CREATE OR REPLACE TABLE my_object_table (my_object OBJECT);
INSERT INTO my_object_table (my_object)
SELECT { 'PROVINCE': 'Alberta'::VARIANT , 'CAPITAL': 'Edmonton'::VARIANT };
INSERT INTO my_object_table (my_object)
SELECT OBJECT_CONSTRUCT('PROVINCE', 'Manitoba'::VARIANT , 'CAPITAL', 'Winnipeg'::VARIANT );
SELECT * FROM my_object_table;
+--------------------------+
| MY_OBJECT |
|--------------------------|
| { |
| "CAPITAL": "Edmonton", |
| "PROVINCE": "Alberta" |
| } |
| { |
| "CAPITAL": "Winnipeg", |
| "PROVINCE": "Manitoba" |
| } |
+--------------------------+
The following example uses a wildcard ({*}
) to insert OBJECT data by getting the attribute names and
values from the FROM clause. First, create a table named demo_ca_provinces
with VARCHAR
values that contain the province and capital names:
CREATE OR REPLACE TABLE demo_ca_provinces (province VARCHAR, capital VARCHAR);
INSERT INTO demo_ca_provinces (province, capital) VALUES
('Ontario', 'Toronto'),
('British Columbia', 'Victoria');
SELECT province, capital
FROM demo_ca_provinces
ORDER BY province;
+------------------+----------+
| PROVINCE | CAPITAL |
|------------------+----------|
| British Columbia | Victoria |
| Ontario | Toronto |
+------------------+----------+
Insert object data into the my_object_table
using the data in the demo_ca_provinces
table:
INSERT INTO my_object_table (my_object)
SELECT {*} FROM demo_ca_provinces;
SELECT * FROM my_object_table;
+----------------------------------+
| MY_OBJECT |
|----------------------------------|
| { |
| "CAPITAL": "Edmonton", |
| "PROVINCE": "Alberta" |
| } |
| { |
| "CAPITAL": "Winnipeg", |
| "PROVINCE": "Manitoba" |
| } |
| { |
| "CAPITAL": "Toronto", |
| "PROVINCE": "Ontario" |
| } |
| { |
| "CAPITAL": "Victoria", |
| "PROVINCE": "British Columbia" |
| } |
+----------------------------------+
The following example uses expressions for the values in an OBJECT constant:
SET my_variable = 10;
SELECT {'key1': $my_variable+1, 'key2': $my_variable+2};
+--------------------------------------------------+
| {'KEY1': $MY_VARIABLE+1, 'KEY2': $MY_VARIABLE+2} |
|--------------------------------------------------|
| { |
| "key1": 11, |
| "key2": 12 |
| } |
+--------------------------------------------------+
SQL statements specify string literals inside an OBJECT value with single quotes (as elsewhere in Snowflake SQL), but string literals inside an OBJECT value are displayed with double quotes:
SELECT { 'Manitoba': 'Winnipeg' } AS province_capital;
+--------------------------+
| PROVINCE_CAPITAL |
|--------------------------|
| { |
| "Manitoba": "Winnipeg" |
| } |
+--------------------------+
Accessing elements of an OBJECT value by key¶
To retrieve the value in an OBJECT value, specify the key in square brackets, as shown below:
SELECT my_variant_column['key1'] FROM my_table;
You can also use the colon operator. The following command shows that the results are the same whether you use the square brackets or the colon:
SELECT object_column['thirteen'],
object_column:thirteen
FROM object_example;
+---------------------------+------------------------+
| OBJECT_COLUMN['THIRTEEN'] | OBJECT_COLUMN:THIRTEEN |
|---------------------------+------------------------|
| 13 | 13 |
+---------------------------+------------------------+
For more information about the colon operator, see Dot Notation, which describes
the use of the :
and .
operators to access nested data.
Common uses for OBJECT data¶
OBJECT data is typically used when one or more of the following are true:
You have multiple pieces of data that are identified by strings. For example, if you want to look up information by province name, you might want to use an OBJECT value.

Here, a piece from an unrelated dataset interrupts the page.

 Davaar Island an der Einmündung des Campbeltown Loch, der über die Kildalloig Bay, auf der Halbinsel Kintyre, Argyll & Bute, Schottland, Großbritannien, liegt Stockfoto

You want to store information about the data with the data; the names (keys) are not merely distinct identifiers, but are meaningful.
The information has no natural order, or the order can be inferred solely from the keys.

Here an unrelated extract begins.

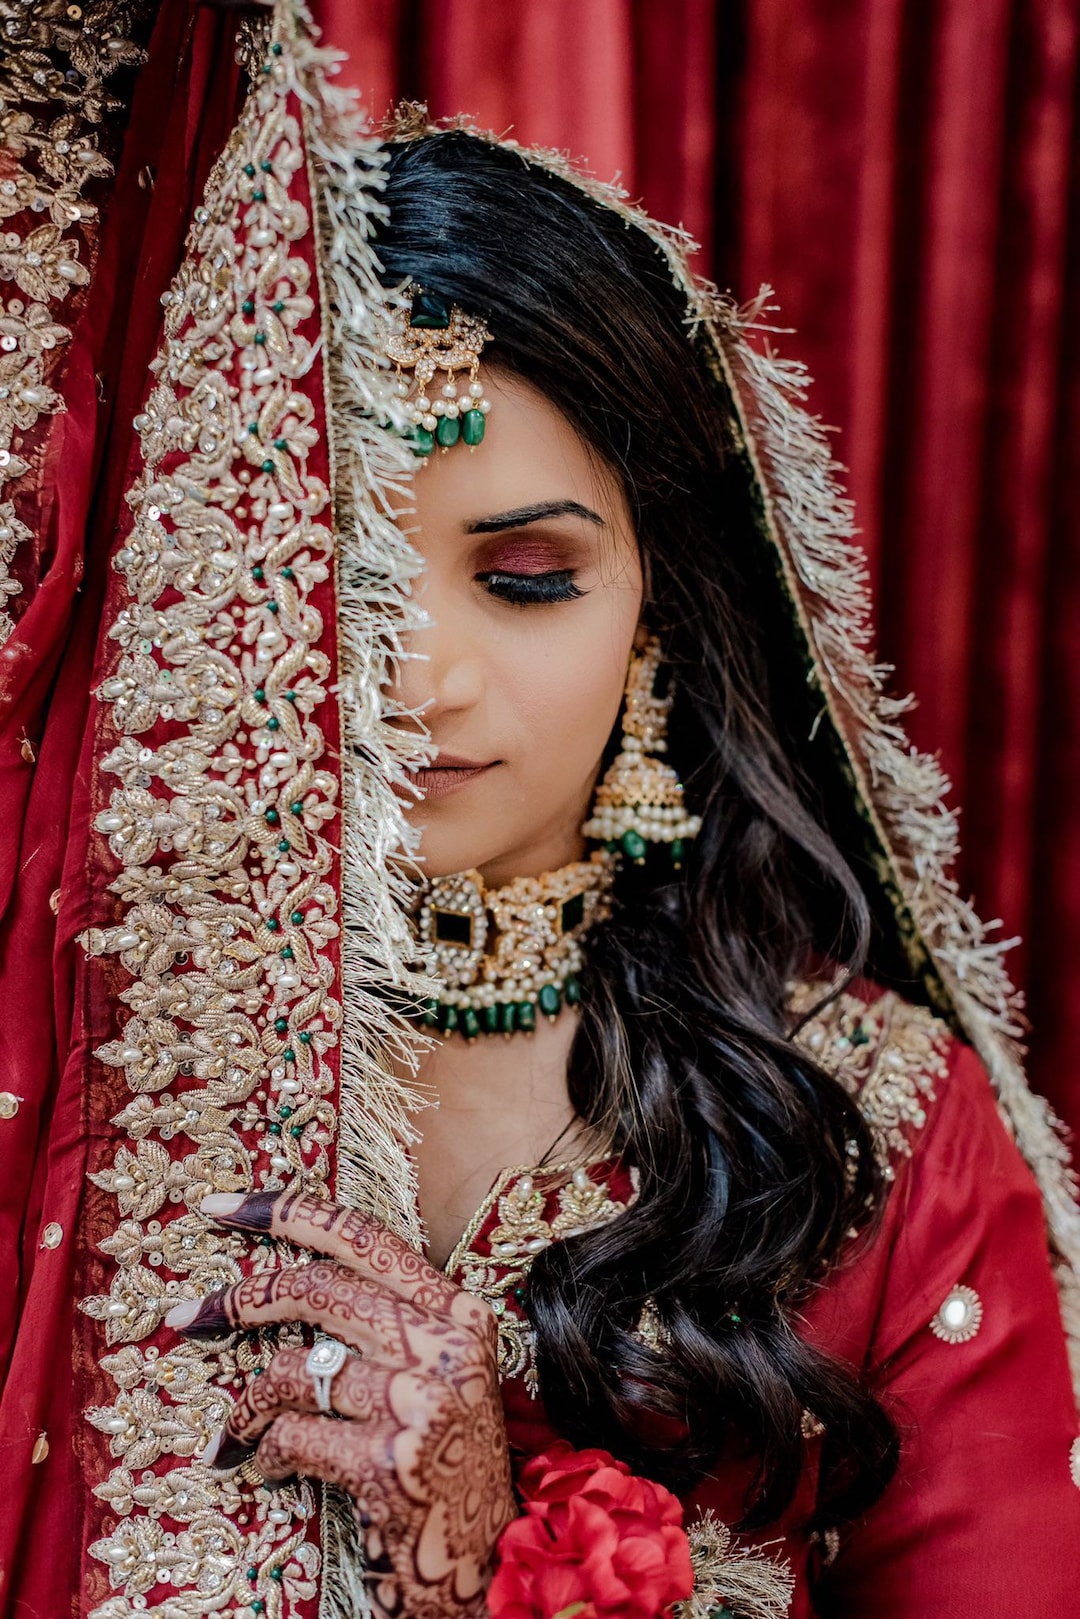 Kerala Muslim Bride | Kerala muslim bride, Muslim bride, Hindu wedding

The structure of the data varies, or the data can be incomplete. For example, if you want to create a catalog of books that usually contains the title, author name, and publication date, but in some cases the publication date is unknown, then you might want to use an OBJECT value.
ARRAY¶
A Snowflake array is similar to an array in many other programming languages. An array contains 0 or more pieces of data. Each element is accessed by specifying its position in the array.
Characteristics of an array¶
Each value in a semi-structured array is of type VARIANT. A VARIANT value can contain a value of any other data type.
Values of other data types can be cast to VARIANT values and then stored in an array. Some functions for arrays, including ARRAY_CONSTRUCT, can implicitly cast values to VARIANT values for you.
Because arrays store VARIANT values, and because VARIANT values can store other data types within them, the underlying data types of the values in an array do not need to be identical. However, in most cases, the data elements are of the same or compatible types, so they can all be processed the same way.
The following considerations apply to arrays:
Snowflake does not support arrays of elements of a specific non-VARIANT type.
A Snowflake array is declared without specifying the number of elements. An array can grow dynamically based on operations such as ARRAY_APPEND. Snowflake does not currently support fixed-size arrays.
An array can contain NULL values.
The theoretical maximum combined size of all values in an array is 16 MB. However, arrays have internal overhead. The practical maximum data size is usually smaller, depending upon the number and values of the elements.
Note
Snowflake also supports structured arrays, which allow for elements of types other than VARIANT. For more information, see Structured data types.
Inserting ARRAY data¶
To insert ARRAY data directly, use INSERT INTO ... SELECT
.
The following code uses the ARRAY_CONSTRUCT function to construct the array that it inserts.
CREATE OR REPLACE TABLE array_example (array_column ARRAY);
INSERT INTO array_example (array_column)
SELECT ARRAY_CONSTRUCT(12, 'twelve', NULL);
You can also use an ARRAY constant to specify the array to insert. For more information, see ARRAY constants.
ARRAY constants¶
A constant (also known as a literal) refers to a fixed data value. Snowflake supports using constants to specify ARRAY values.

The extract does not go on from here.